# Silvius Leopold Weiss - Lute Sonatas



## classicalmusicfan (May 6, 2009)

*WEISS, S.L.: Lute Sonatas, Vol. 10 - Nos. 28, 40 / Tombeau sur la mort de M. Comte de Logy*
Robert Barto, lute
Naxos 8.572219

​
Robert Barto's recordings for Naxos of the lute music of Silvius Leopold Weiss have been acclaimed as 'the most eloquent of them all, and this comprehensive series is a tribute to his skill and involvement' (_MusicWeb International_). On this tenth volume he presents two sonatas, _No. 28 'Le fameux Corsaire'_ and _No. 40_, as well as the moving _Tombeau sur la mort de M. Comte de Logy_. While the identity of 'the famous pirate' commemorated in the former remains unknown, Count Johann Anton Logy von Losinthal was hailed in his lifetime as 'the Prince of the Lute'.

This week's complimentary track: Lute Sonata No. 28 in F major, "La fameux Corsaire" - II. Courante


----------



## Mark Harwood (Mar 5, 2007)

Grand. I buy these as they come out.


----------



## Andy (Sep 17, 2011)

Hello friends!!! Does anybody have the scores of Sonata 36 for Lute by Weiss??? Thanx in advance!!


----------



## kangxi (Jan 24, 2014)

I'm resurrecting this thread because I want to ask a question which is relevant. I agree with classicalmusicfan that the Weiss lute works project by Bob Barto on Naxos is hugely significant. The music is dense and lacy (an odd combination) and wonderful; Weiss was a friend of Bach (what finer recommendation?) and it's high time that all his music was available so we can appreciate it.
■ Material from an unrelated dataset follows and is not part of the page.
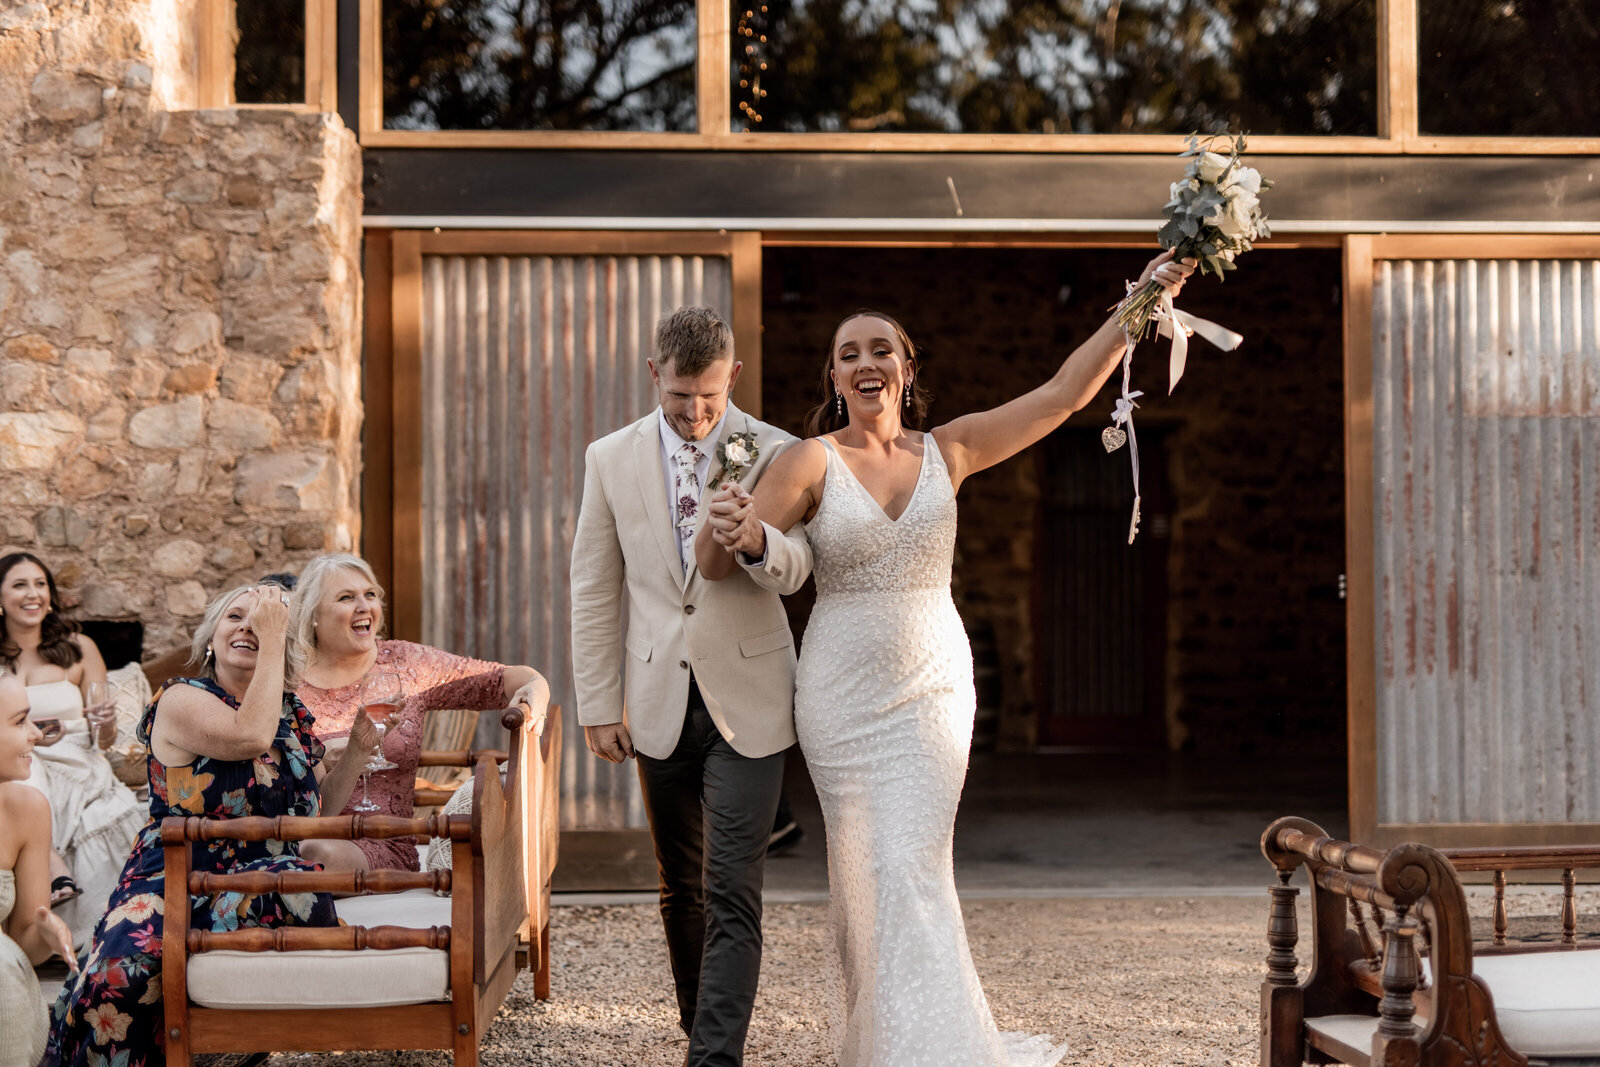 Caitlin-Reece-Rexvil-Photography-Adelaide-Wedding-Photographer-517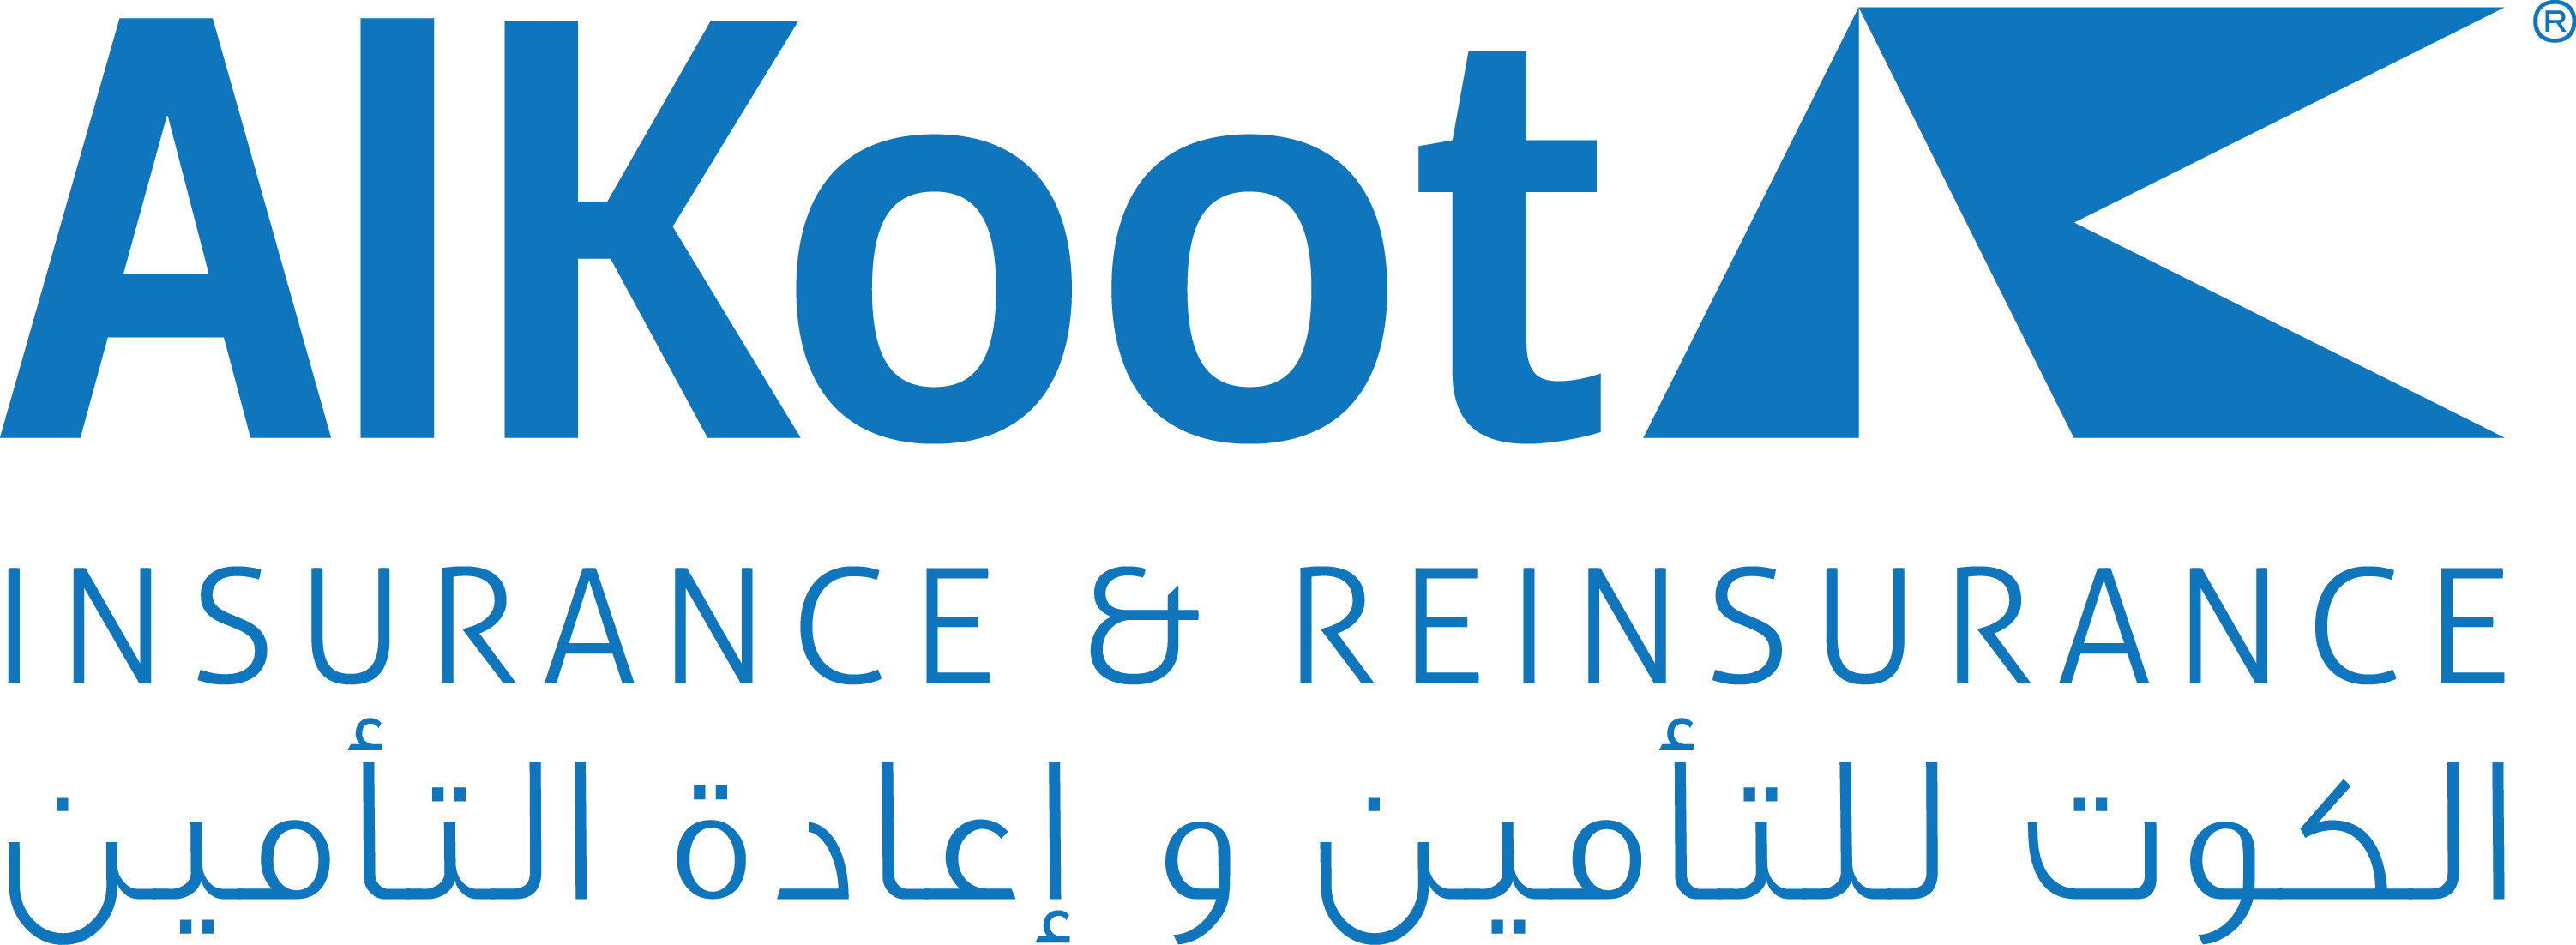 Al Koot New Logo

And not only appreciate it: put it in context & judge it, and put it in place next to his better known peers. I've asked both Naxos & a friend of mine who knows Bob Barto this question: how big is this project, and how many CDs will it fill? And when do you think it will reach completion? (no answers from either yet.) Since every time I look, most of Weiss's music is still in manuscript, I'd like to have an idea of the volume yet to come. Rest assured, Naxos: I'll buy every one even if there are hundreds.


----------